Wrapping my arms around my waist, I shiver. Tears are beginning to pull in my eyes, and I swat at them furiously, trying to remain strong. Minutes pass, but they feel like hours. Time has never moved so slowly. Heather is getting frustrated, and I don't blame her. Not knowing what's going on is hell.

Heather stiffens, her gaze moving past me. I turn around and see one of the doctors standing there. The hairs on the back of my neck stand up as I take in his expression. It's not good news. I can tell.

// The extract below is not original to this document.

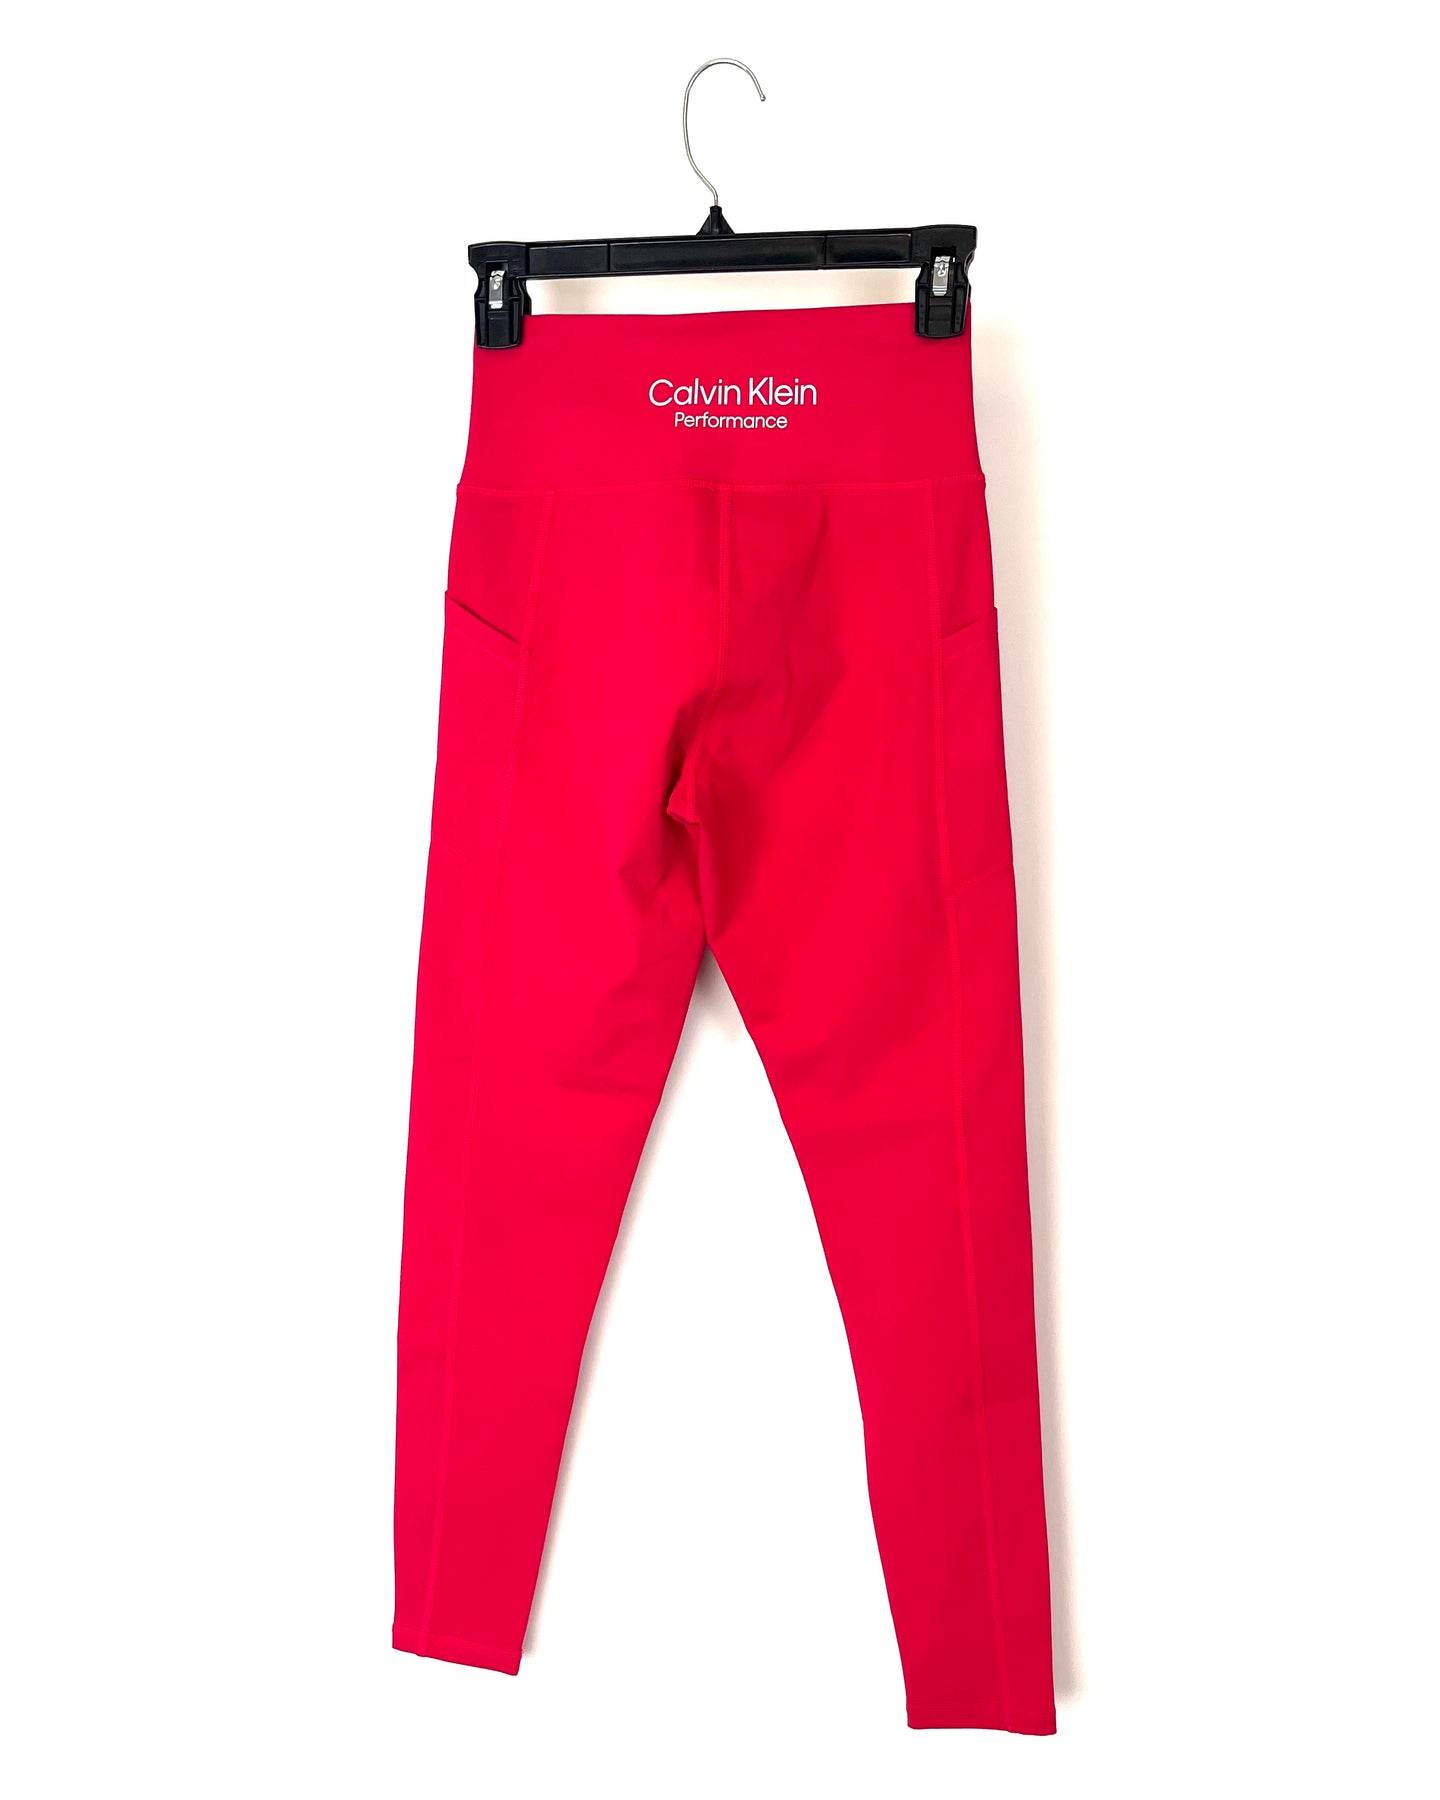 Calvin Klein Hot Pink Activewear Leggings With Pockets - Small – The  Fashion Foundation

“Please no…” Heather sobs, falling into Jim's arms.

“Not yet, but he doesn't have long,” the doctor responds, his tone soft. “We’ve stabilized at the moment, but I'd say he has maybe an hour, if that.” He gives us a small smile and moves off down the hallway. The room empties out, allowing us to go back in.

“I’ll give you a moment alone with him,” I say. I reach out to touch Heather's arm. It's a small gesture, but I want her to know that I'm here and I know what she's feeling. She smiles at me through her tears.